WORK TASK
Copy the data that appears below exactly. Drop the pictures.

GIVEN INFORMATION
■ ■ ■ ■ ■

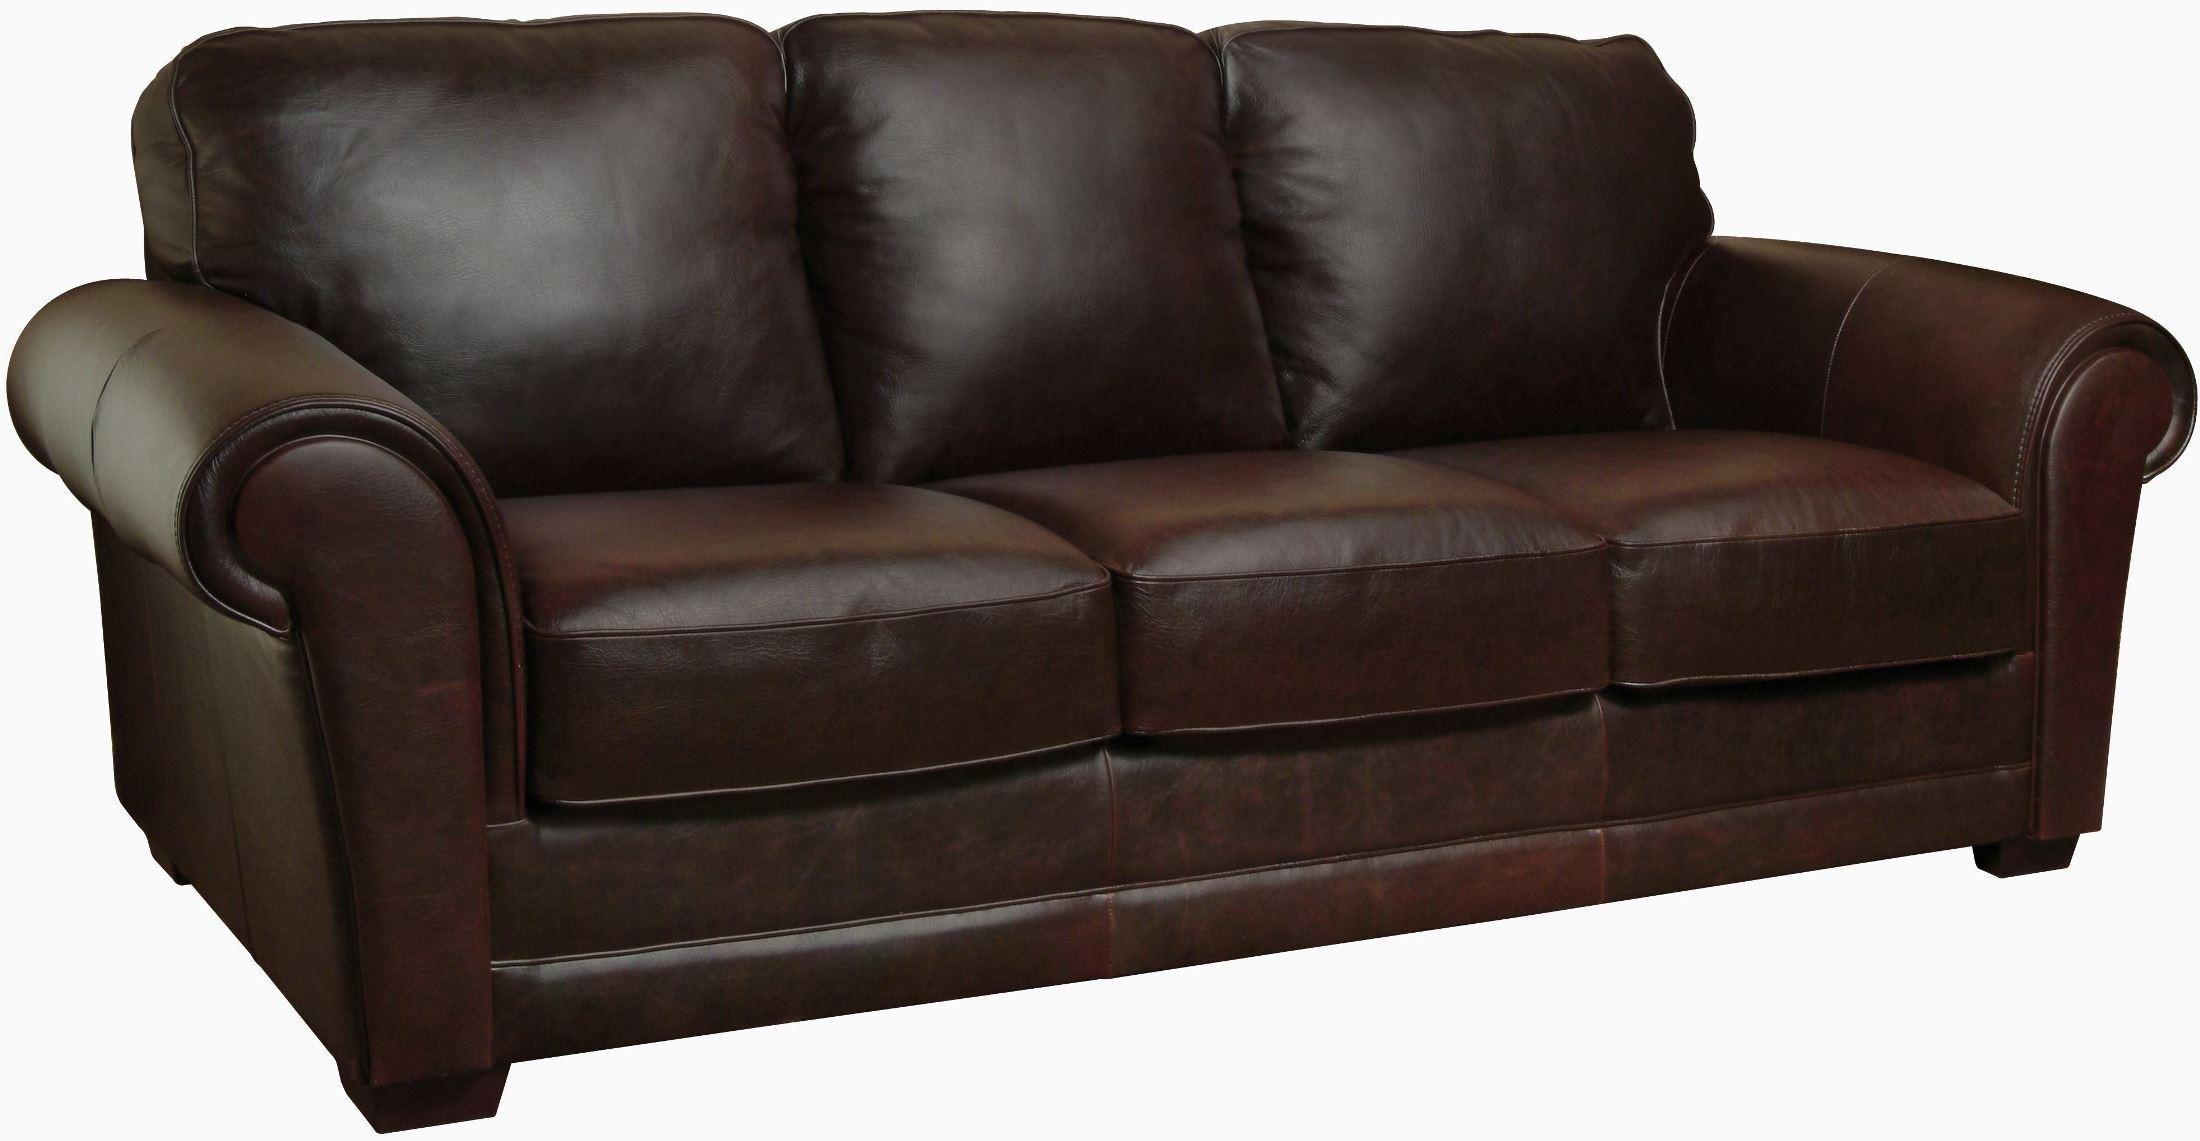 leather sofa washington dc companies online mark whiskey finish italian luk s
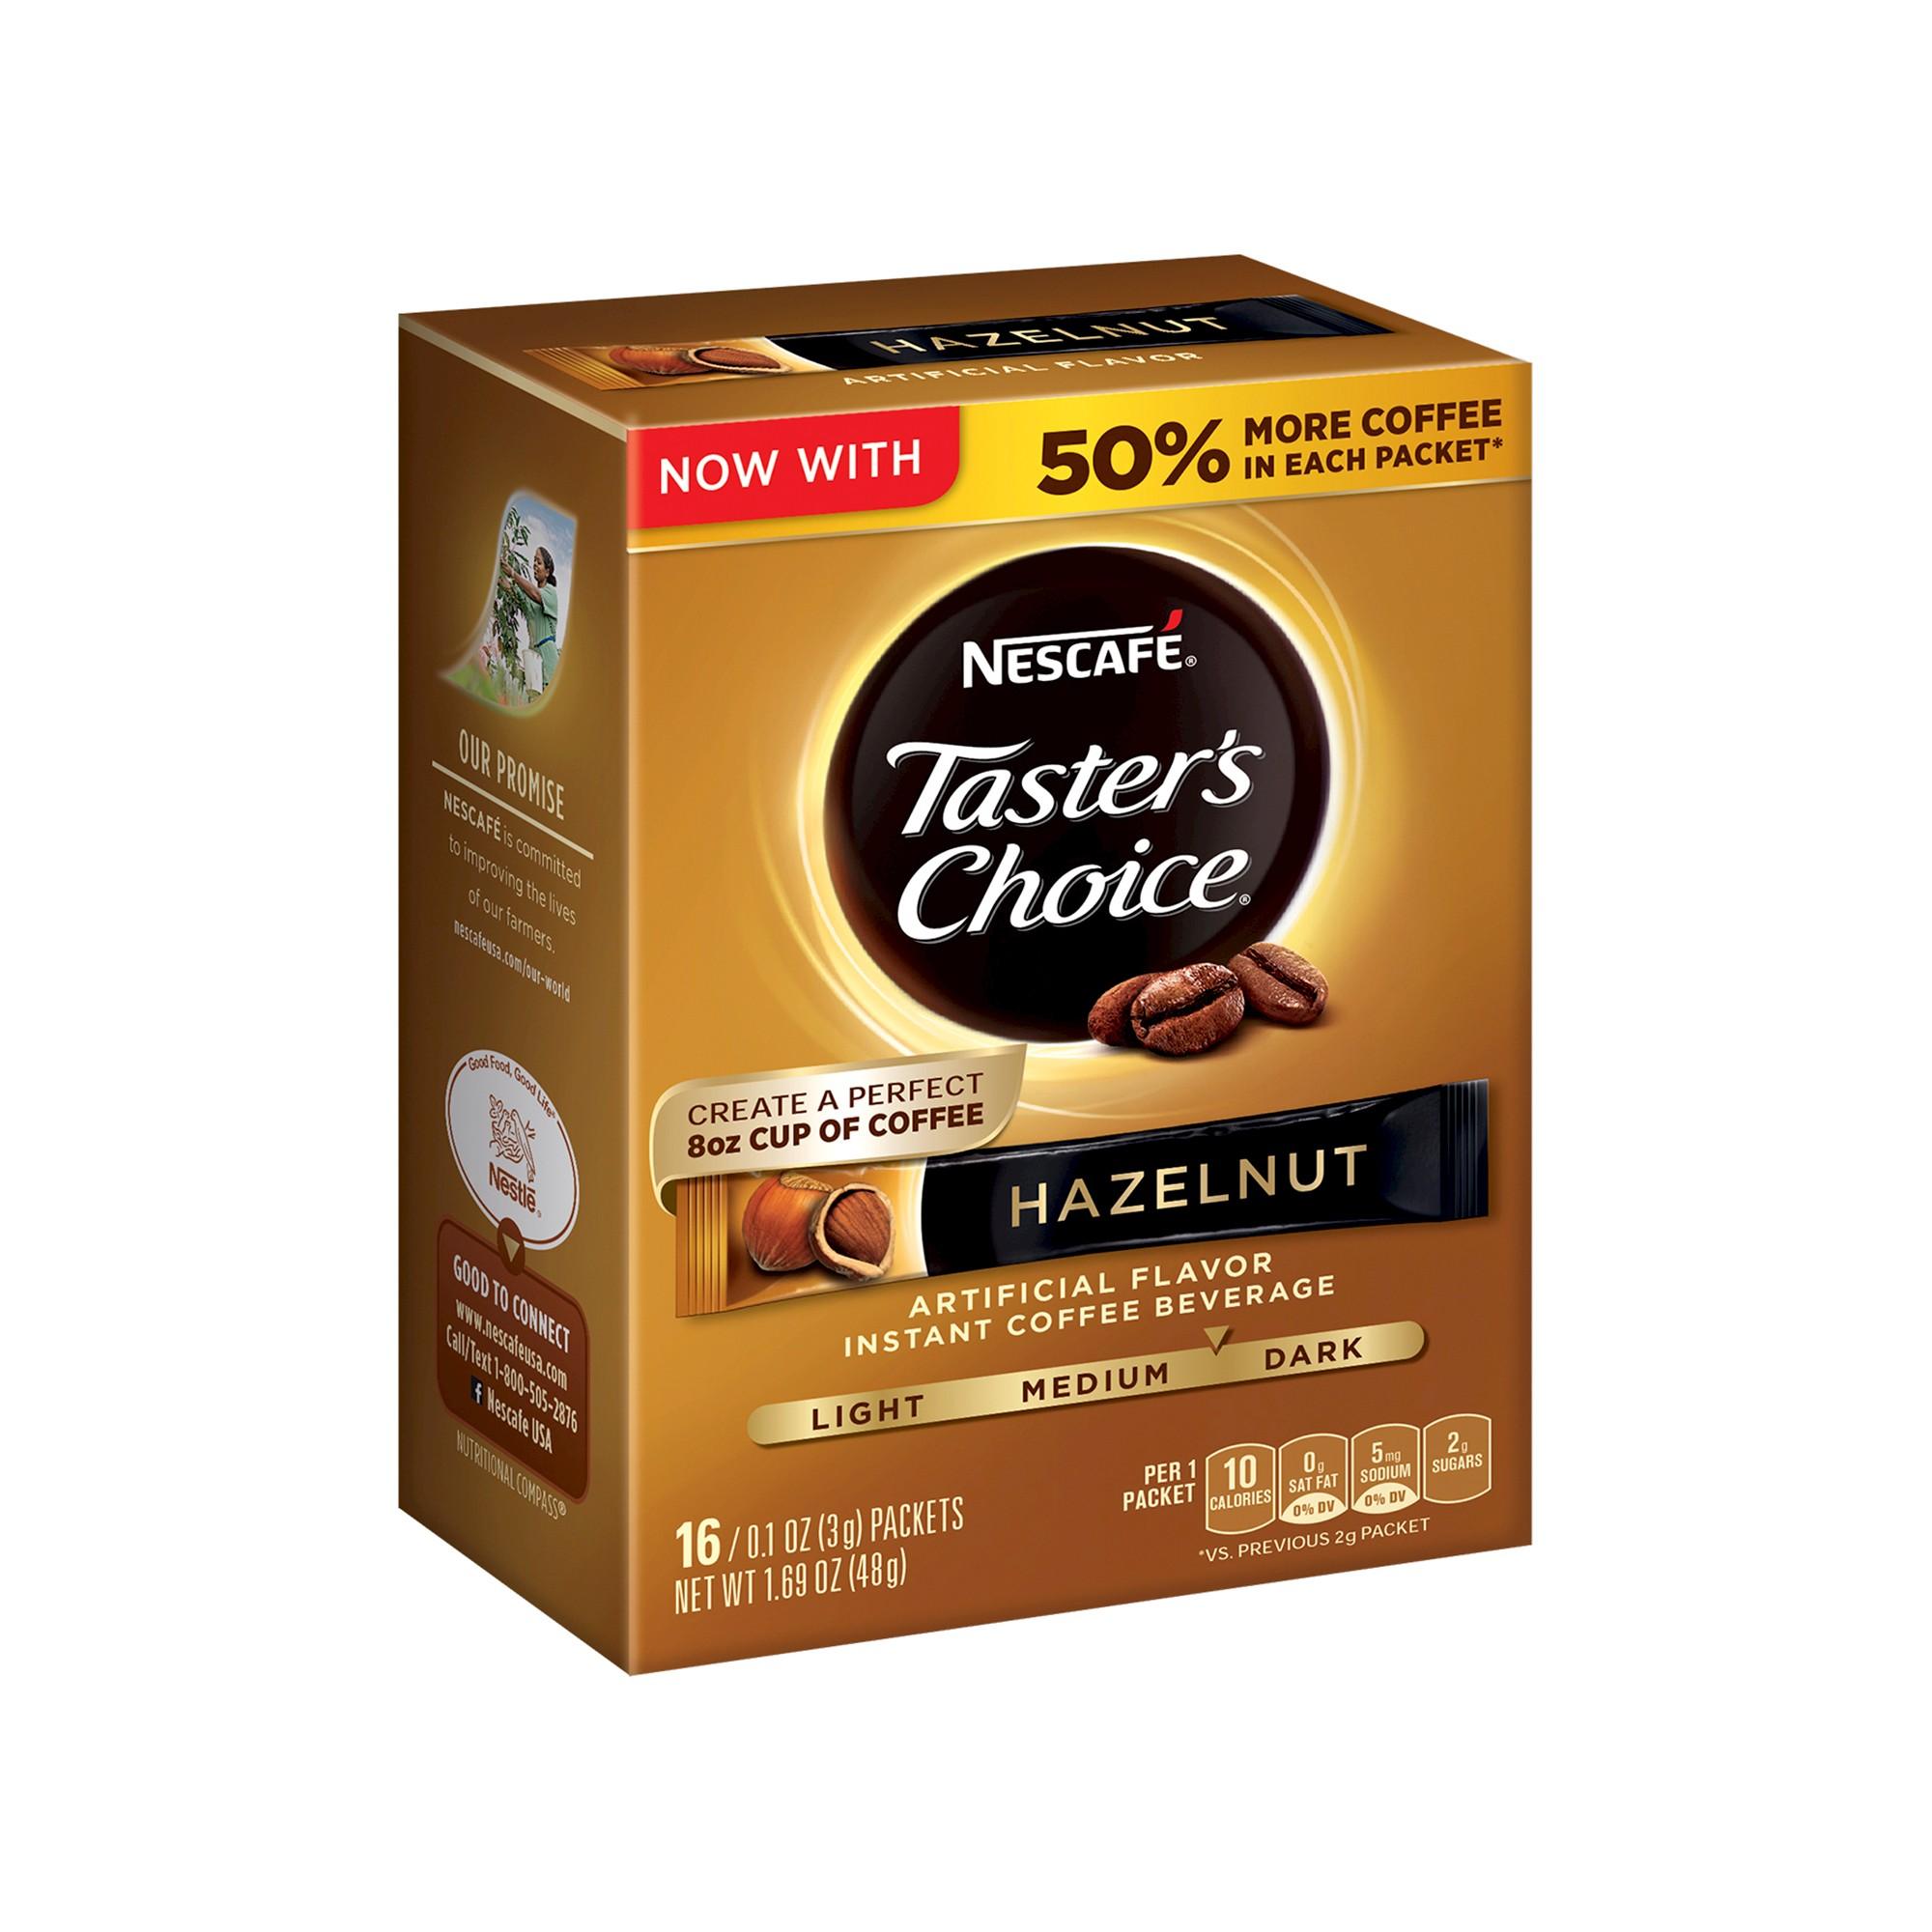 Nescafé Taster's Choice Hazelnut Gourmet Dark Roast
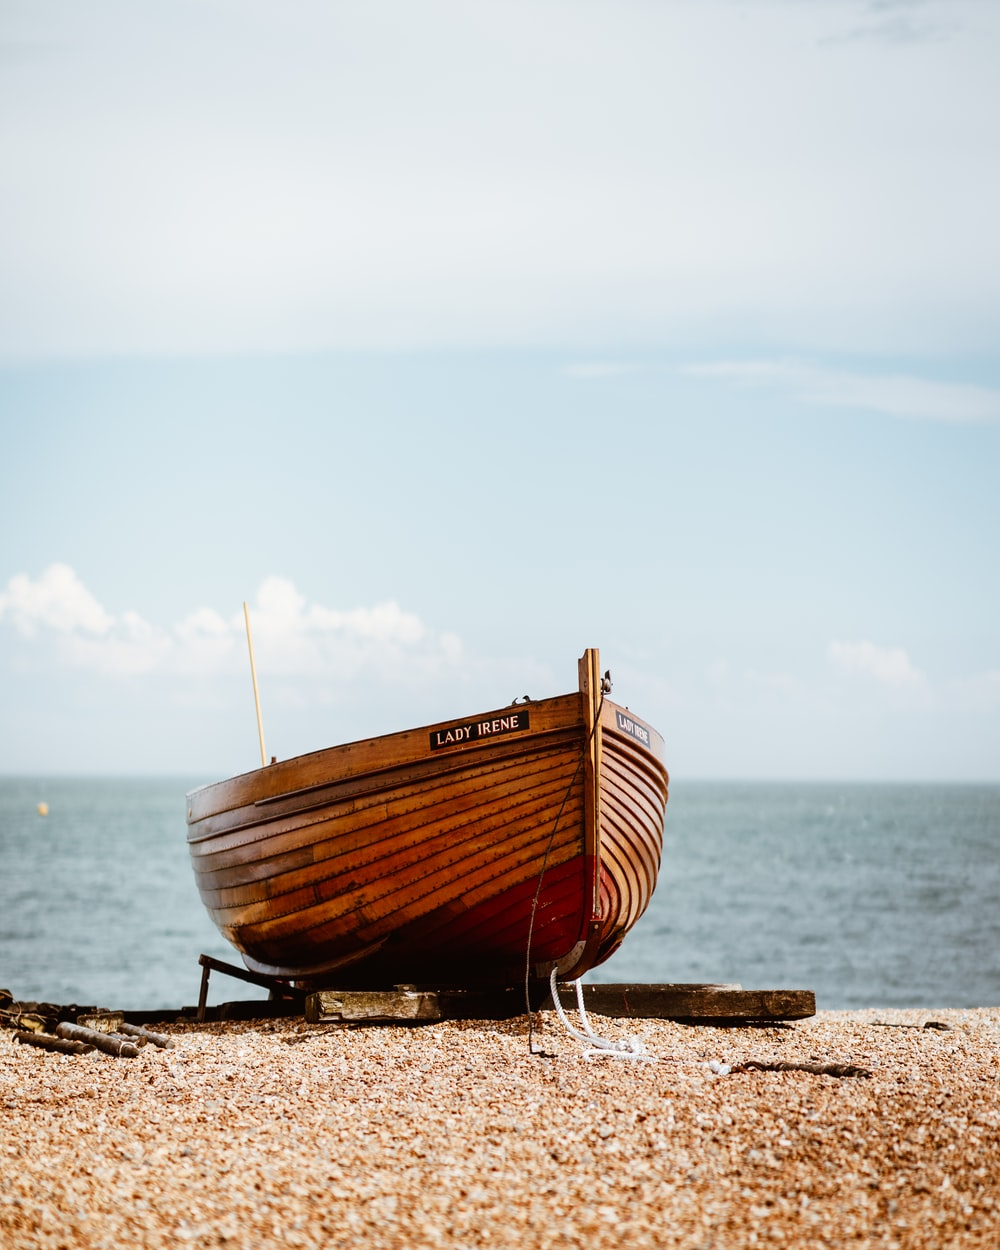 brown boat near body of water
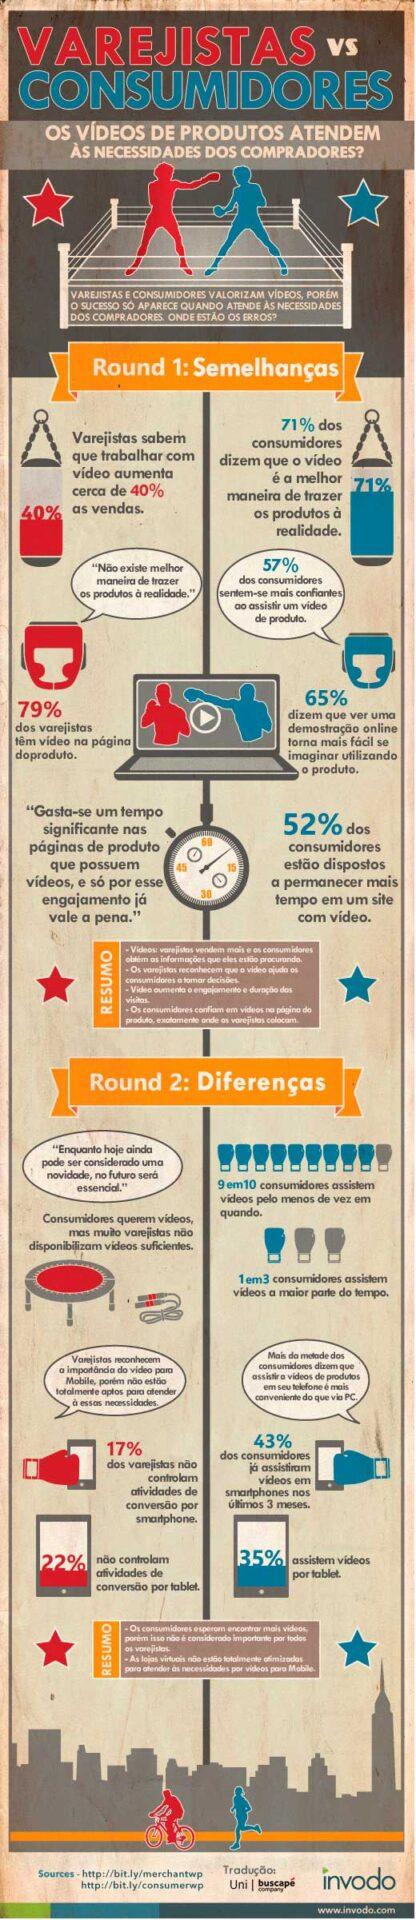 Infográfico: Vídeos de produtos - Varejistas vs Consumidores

■ ■ ■ ■ ■

TASK RESULT
 leather sofa washington dc companies online mark whiskey finish italian luk s
 Nescafé Taster's Choice Hazelnut Gourmet Dark Roast
 brown boat near body of water
 Infográfico: Vídeos de produtos - Varejistas vs Consumidores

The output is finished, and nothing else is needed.